# Toxicity in Wikipedia Comments

This is a parallel work to any work on the wikipedia toxicity data on the same
topic.  This data has not been cleaned yet, and has not had multiple categories introduced yet.  However it is presented free from bias, for people to play with.  

Looking at the comments data, we'll need to clean the data quite a bit (lots of newlines, weird characters).

My rough plan is to build up a lexicon, tokenize that data, and try to build a Naive Bayes model.  (Maybe later a Recurrent Neural network model?)

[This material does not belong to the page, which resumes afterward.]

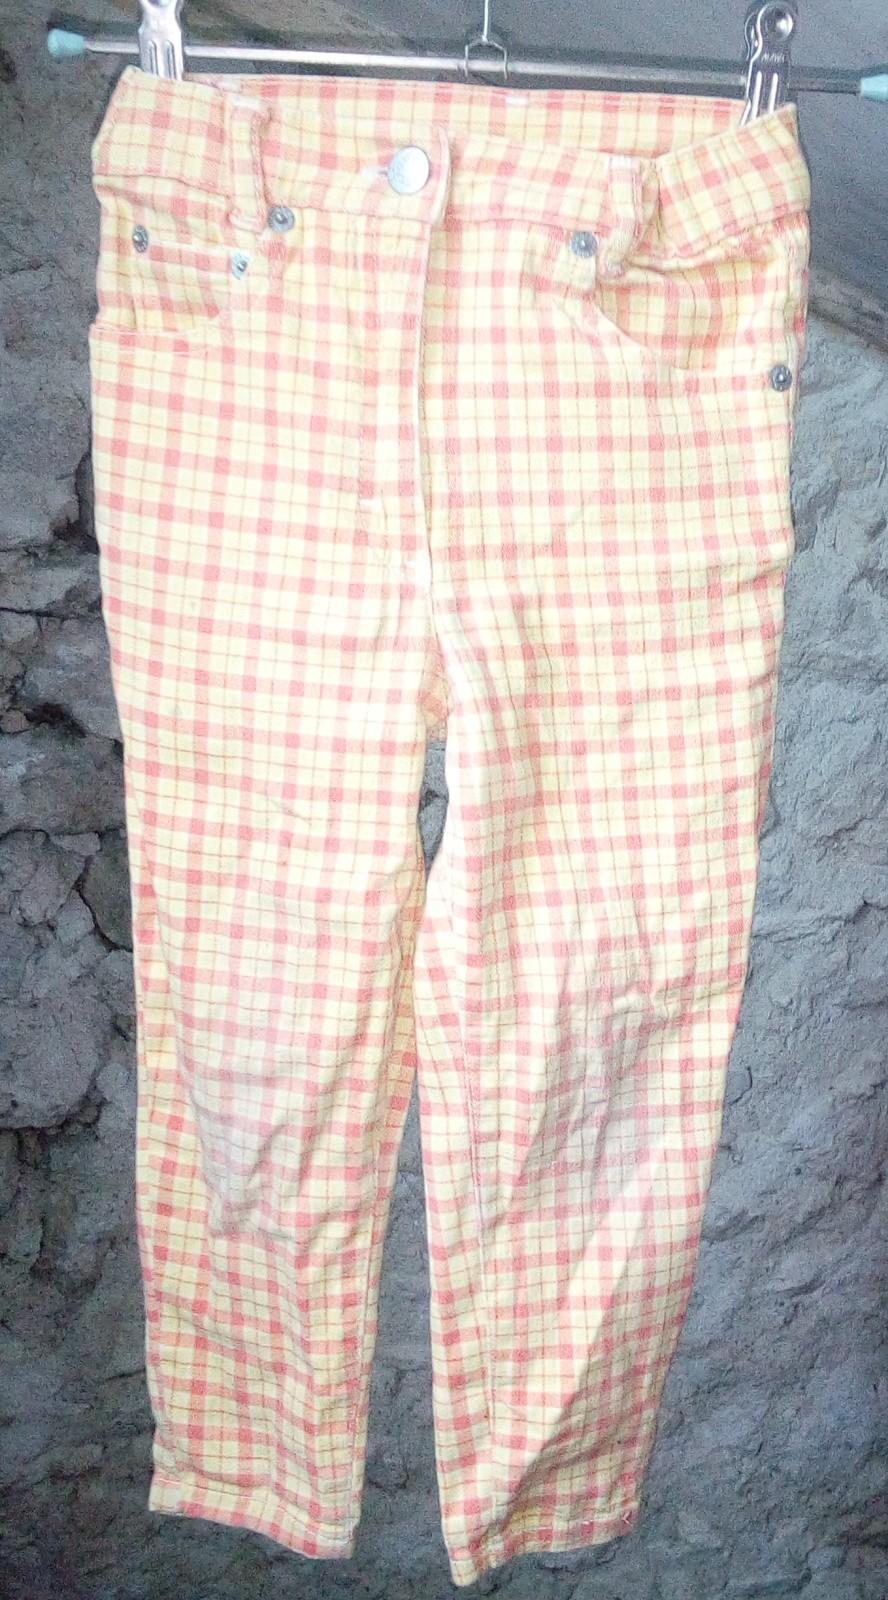 troc de troc pantalon 4 ans image 0

Other Analysis possibilities:
* Support Vector Machine
    - the other big architecture, less popular now?
* Recurrent Neural Network
    - Build up word embeddings (word2vec), or just use the pretrained ones.
* Naive Bayes
    - can find most important words in spam
    - simple, easy to understand baseline.
* Latent Factor Analysis 
    - maybe useful prelude or alternative for building up embeddings.
    
Cleaning:
* Clean data : How to remove newlines (search/replace: NEWLINE with '')
* Tokenize (convert words to indices)
* Stemming words
* Balancing data set
* Match up comments, and review scores
* Search for gibberish words (make a new "feature" for badly spelled comments)

In [1]:
import pandas as pd
import nltk as nltk
import numpy as np
import matplotlib.pyplot as plt
import scipy.sparse as sparse

from sklearn.feature_extraction.text import CountVectorizer

In [2]:
#df_com = pd.read_csv('data/toxicity_annotated_comments_unanimous.tsv',sep='\t')
#df_rate = pd.read_csv('data/toxicity_annotations_unanimous.tsv',sep='\t')
df_com = pd.read_csv('data/toxicity_annotated_comments.tsv',sep='\t')
df_rate = pd.read_csv('data/toxicity_annotations.tsv',sep='\t')

#make rev_id an integer
df_com['rev_id']=df_com['rev_id'].astype(int)
df_rate['rev_id']=df_rate['rev_id'].astype(int)

#reindex 
#df_com.index=df_com['rev_id']
#df_rate.index=df_rate['rev_id']
print(df_com.shape, df_rate.shape)

(159686, 7) (1598289, 4)


In [3]:
#make a new column in df_com with array of worker_ids, and toxicity
df_com['scores']=None

#since 'rev_id' is sorted, can take first difference, and find where
#there are changes.  Those set the boundaries for changes.
#Need to also append final index.
change_indices=df_rate.index[df_rate['rev_id'].diff()!=0].values

#use numpy split instead.
arr=df_rate[['worker_id','toxicity_score']].values
split_arr=np.split(arr,change_indices)
#drop first index as empty
split_arr.pop(0)
df_com['scores']=split_arr
#change_indices=np.append(change_indices,len(df_rate))
# for i in range(len(change_indices)-1):
#     ind0 = change_indices[i]
#     ind1 = change_indices[i+1]
#     d0=df_rate.iloc[ind0:ind1]
#     scores=d0[['worker_id','toxicity_score']]
#     #pass it a list so it can be set as an entry.
#     #accessing later will require score[0] idiocy to get at list.
#     df_com.loc[i,'scores']=[scores.values]

In [4]:
def score_mean(score_list):
    """score_mean
    Compute mean of toxicity scores for input array.
    Array is first (and only) element in the input list.
    Compute mean running down the rows.  Could be updated to include weighted sum of weights
    """
    s = np.mean(score_list[:,1])
    return s

def score_median(score_list):
    """score_median
    Compute median of toxicity scores for input array.
    Array is first (and only) element in the input list.
    Compute mean running down the rows.  Could be updated to include weighted sum of weights
    """
    s = np.median(score_list[:,1])
    return s


In [214]:
df_com['mean_toxic']=df_com['scores'].apply(score_mean)
df_com['median_toxic']=df_com['scores'].apply(score_median)

In [227]:
df_com['toxic']= (df_com['median_toxic']<=-2)
Ntoxic=df_com['toxic'].sum()
Ntot=len(df_com)
print("Total comments: {}. Toxic comments: {}. Toxic Fraction: {}".format(Ntot,Ntoxic,Ntoxic/Ntot))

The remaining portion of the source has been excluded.